Spotila et al (1991) argued that big dinosaurs were gigantotherms that
shared thermal characteristics with the large leatherback turtle, and Dodson
(1991) suggested that giant dinosaurs lived in the slow lane compared to
giant mammals. Coulson (1979), Bennett (1991) and Ruben (1991) restored big
dinosaurs as "good reptiles" powered by bursts of reptilian
hyperanaerobiosis rather than the sustained tachyaerobiosis that powers
birds
and mammals. [HP] Farlow (1990) suggested that large dinosaurs were "damned
good reptiles" with fluctuating metabolic rates (MRs), and in 1993 he argued
that dinosaurs used a combination of rapid reproduction and intermediate
metabolic rates (InMRs) to grow bigger than land mammals. All the above
workers, and McNab (1983) and Dunham et al. (1989), have modeled big
dinosaurs as LoMR or InMR inertial homeotherms that maintained constant body
temperatures on a daily basis.
*Why land giants must be tachyaerobic. -* [...]
On land all classic reptiles with LoMRs have weighed about one tonne or less
[...]. Many HiMR land mammals have exceeded one tonne, and the largest
approached 20 tonnes [a very high estimate for *Indricotherium*, IMHO]
[...]. This differs from the marine realm, where 6-15 tonne basking and
whale sharks have LoMRs [...] [and are poikilothermic and more sluggish than
whales]. Therefore, when we are asked (again and again) why some dinosaurs
were four to five times bigger than land mammals, we ask why dinosaurs grew
a hundred times larger than land reptiles! [Severe doubts whether the
biggest sauropods really reached 100 tonnes, or even half that,
notwithstanding.]
Our hypothesis centers around the logical argument that living in the
high energy field produced by gravity is a hard and constant struggle that
can only be won with the great strength and sustained power inherent to a
high energy tachyaerobic system. The belief that low energy bradyaerobic
forms can bear the burden of great bulk is naive.
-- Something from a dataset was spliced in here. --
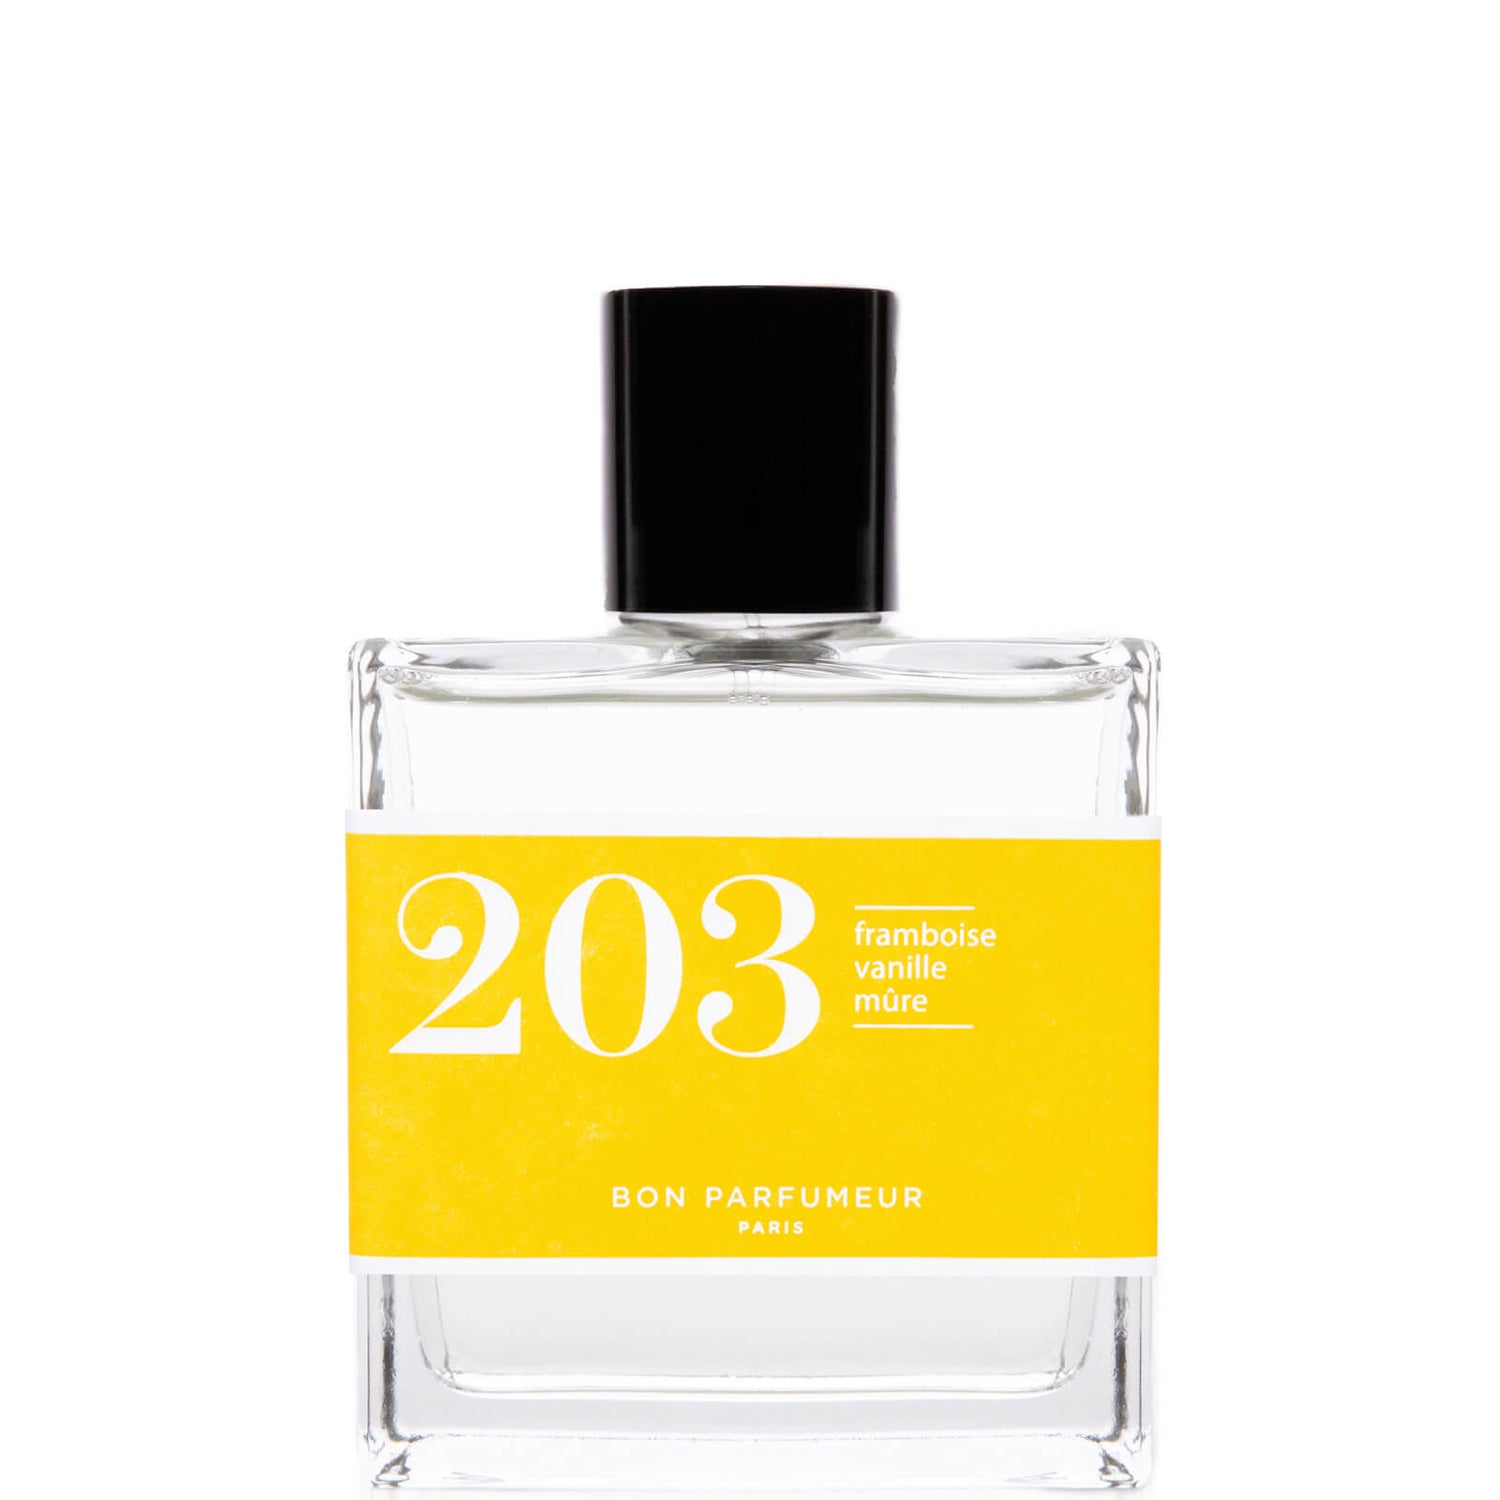 Bon Parfumeur 203 Βατόμουρο Βανίλια Βατόμουρο Eau de Parfum - 100 ml

Being an aquatic giant is
much easier because water is a low energy environment where buoyancy negates
the effects of gravity, and swimming is five to twelve times more efficient
than walking the same distance.
[...]
*Leatherbacks versus elephants as dinosaur analogs. -* [...] Leatherbacks
[...] Heat generated by internally placed muscles during constant swimming
and trapped by heavy fat insulation helps maintain moderate body core
temperatures of ~30°C. Leatherbacks never experience severe heat or tissue
freezing temperatures."
Thus, leatherbacks are indeed endothermic (HP "Jura" was right),
bradymetabolic, bradyaerobic, and for practical purposes homeothermic. AFAIK
this combination is known as gigantothermy.
"Elephants of the desert Skeleton Coast of southwest Africa [Namibia?] have
long striding limbs powered by large volumes of tachyaerobic muscles, high
blood pressures, and high capacity respiratory tracts. These land giants do
not cruise constantly, the leg muscles are placed away from the body core,
and insulatory fat is absent (Haynes, 1991). Body core heat is generated
largely by hard working internal organs. The Skeleton Coast elephants not
only survive in a desert with limited resources by [...] [migrating]
(Bartlett & Bartlett, 1992), they are unusually gigantic with world record
weights up to 10 tonnes. [I'm not going to buy 10 tonnes. 7 tonnes is
already considered extremely heavy for an African elephant, and I've never
read more.] Rather than going belly up when it gets hot, they use high body
temperatures of 37°C and bulk to thermoregulate in extreme heat.
Proboscideans have experienced frostbiting temperatures (Haynes, 1991). [I
think this refers to elephants easily surviving in European zoos and not to
mammoths!]
The form and habitat of leatherbacks could hardly be more different from the
dinosaur world. Acceptance of their use as primary models for dinosaurs is
therefore surprising - imagine the reaction if whales were used as the
primary analogs for dinosaurs! The structure and hot climates of elephants
are very reminiscent of the dinosaur condition, and it is surprising how
many reject their biology when restoring dinosaur thermodynamics.
[...]
*Muscles, blood pressures and breathing. -* [...] The skeletal muscles of
birds and mammals are about twice as large as those of reptiles at a given
body size (Ruben, 1991). [...] [Dinosaurs including birds and mammals have
longer ilia = larger leg muscles than reptiles of the same mass, Fig. 3.]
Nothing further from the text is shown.